- **What is required**:
An exact, complete printout of the listing is wanted, minus its images.

- **Data section**:
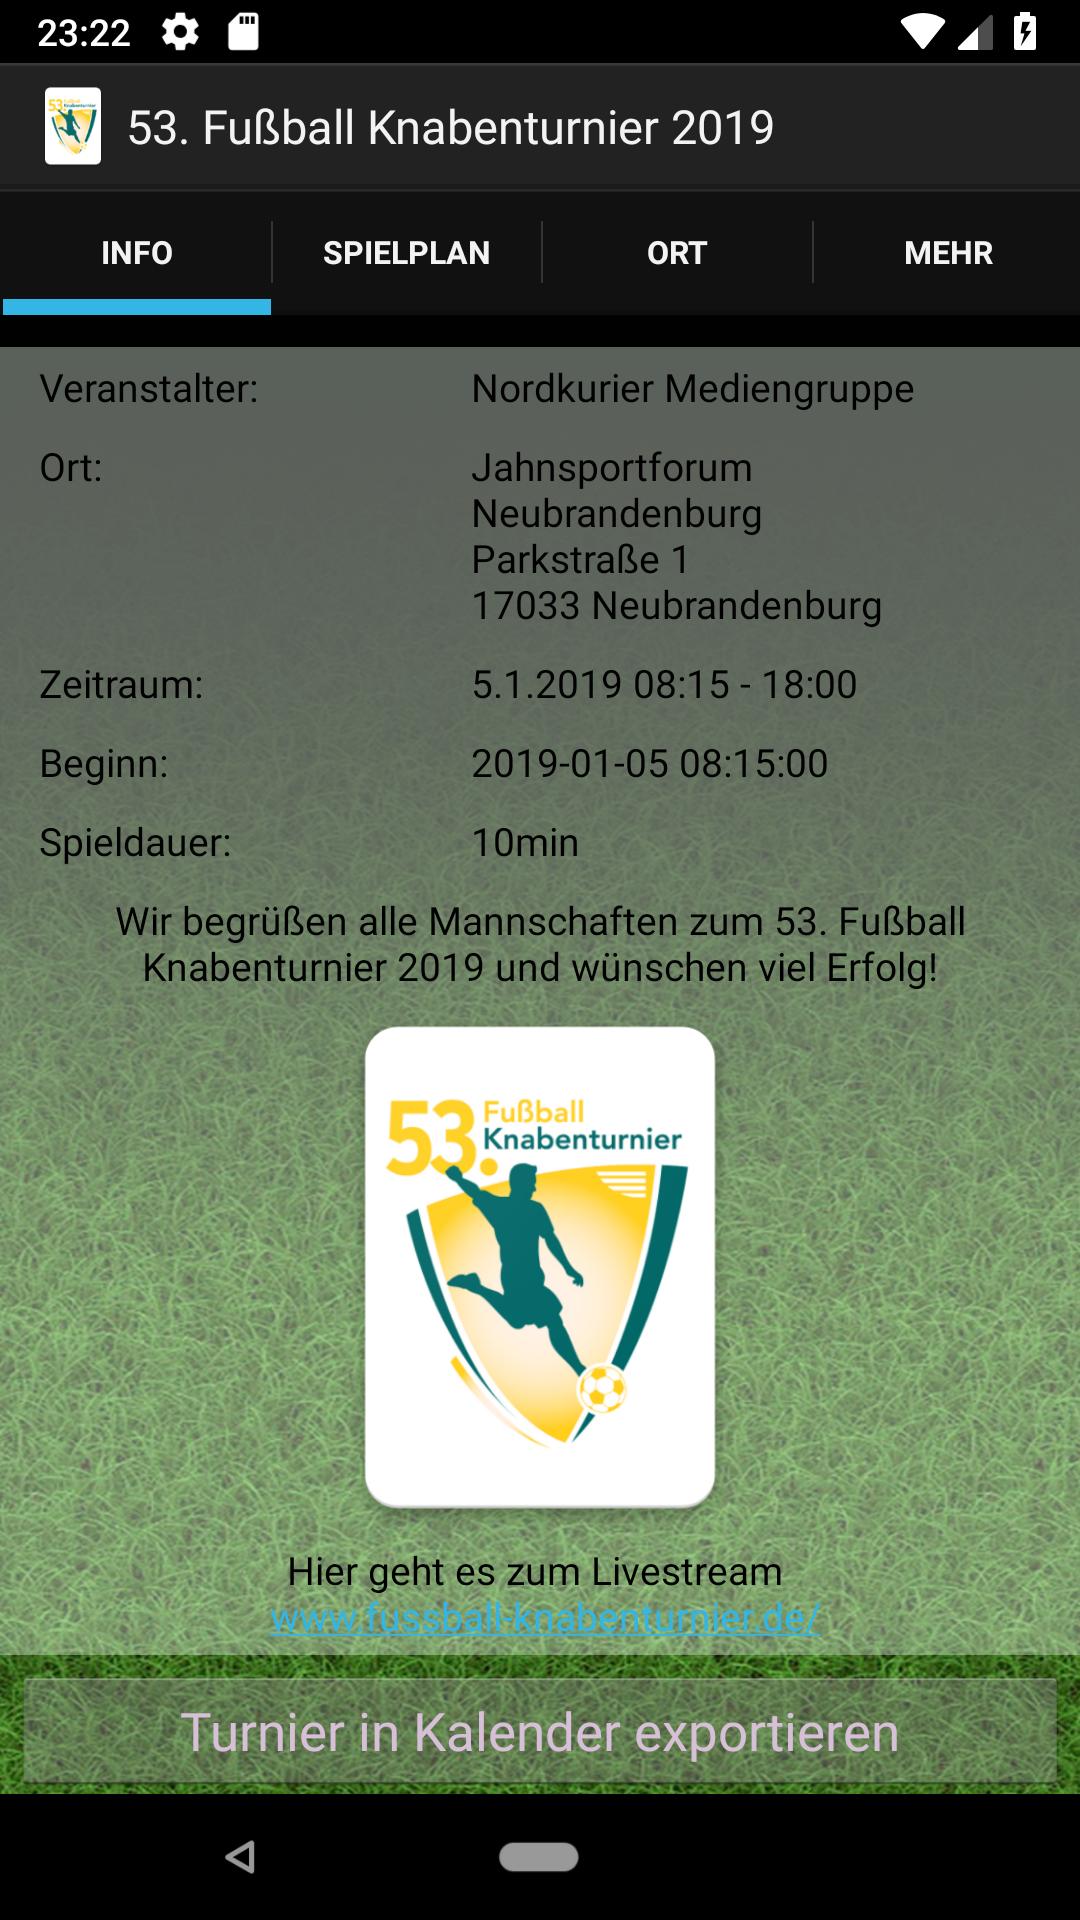 53. Fußball Knabenturnier 2019 for Android - APK Download
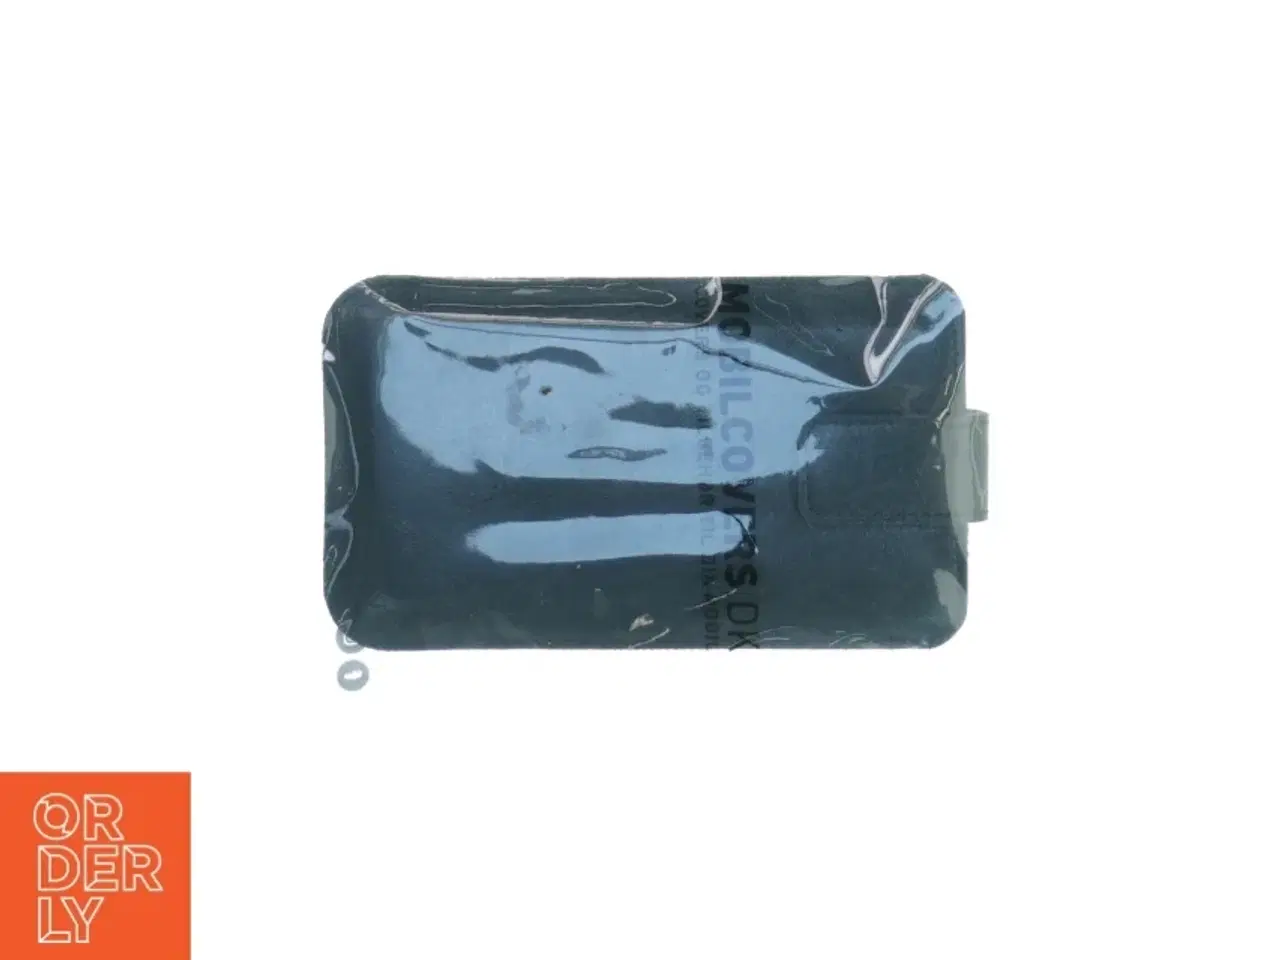 Billede 2 - Mobil pung fra Mobilcoversdk (str. 15 cm x 10 cm )
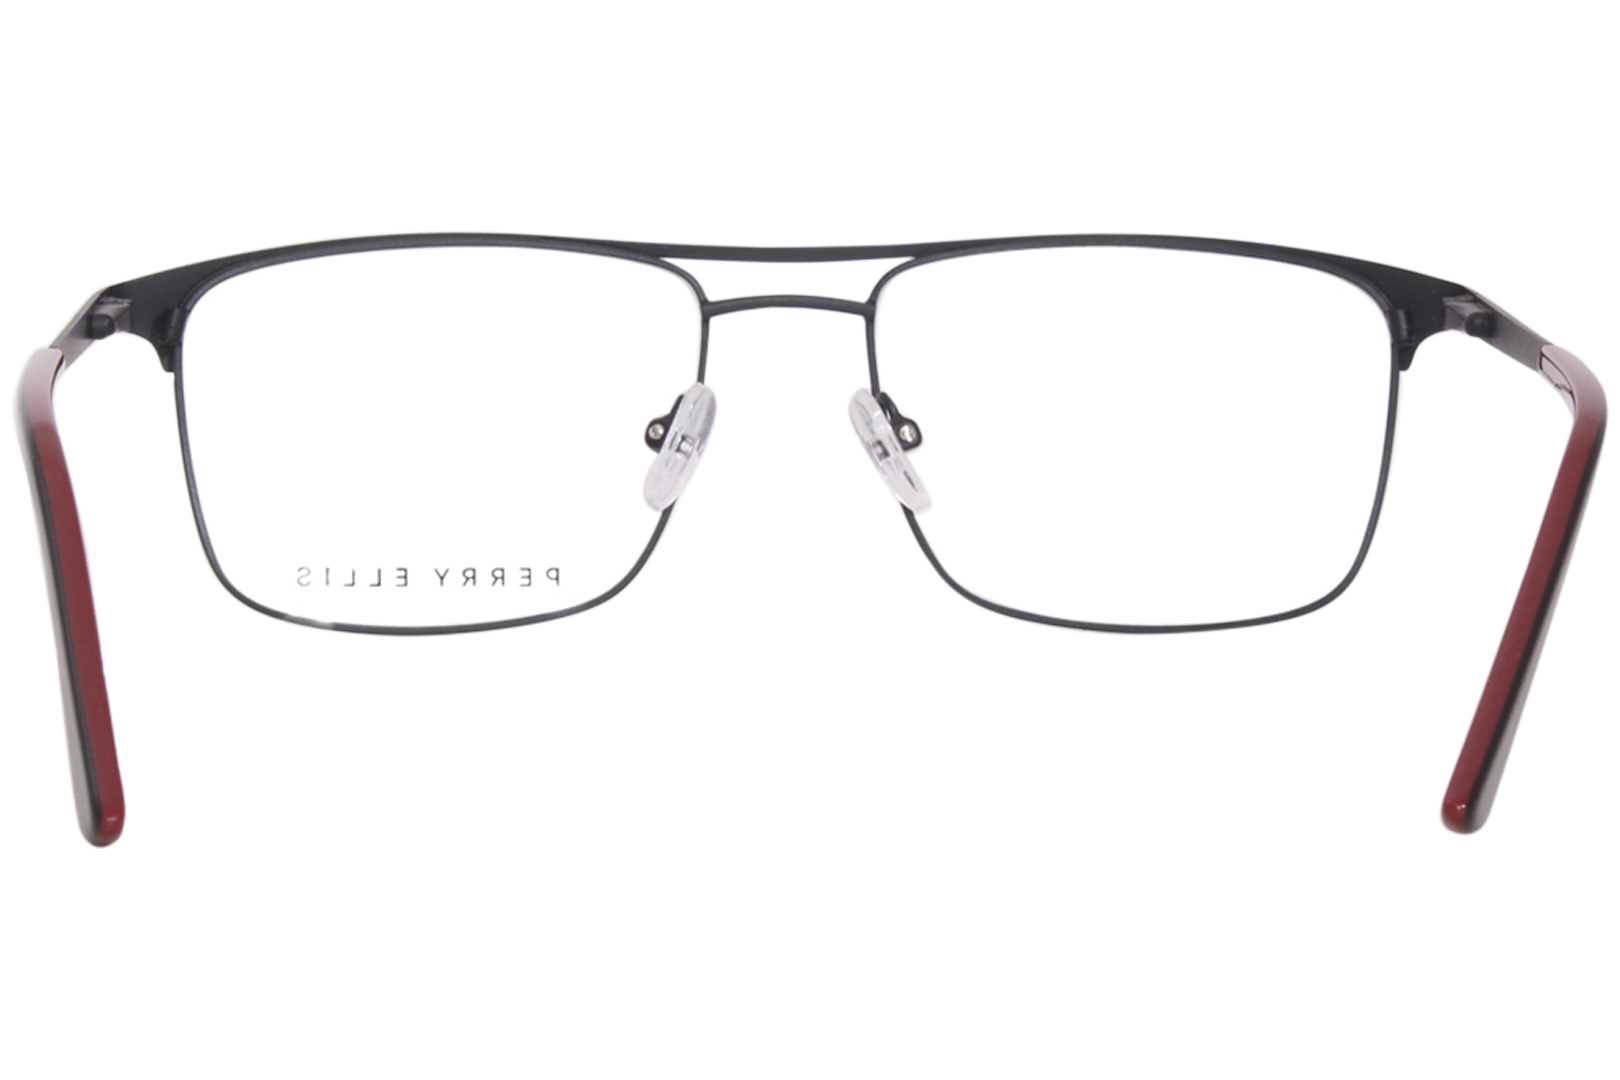 Perry Ellis PE1270-2 Eyeglasses Men's Matte Black Full Rim Square Shape ...

- **The answer**:
 53. Fußball Knabenturnier 2019 for Android - APK Download
 Billede 2 - Mobil pung fra Mobilcoversdk (str. 15 cm x 10 cm )
 Perry Ellis PE1270-2 Eyeglasses Men's Matte Black Full Rim Square Shape ...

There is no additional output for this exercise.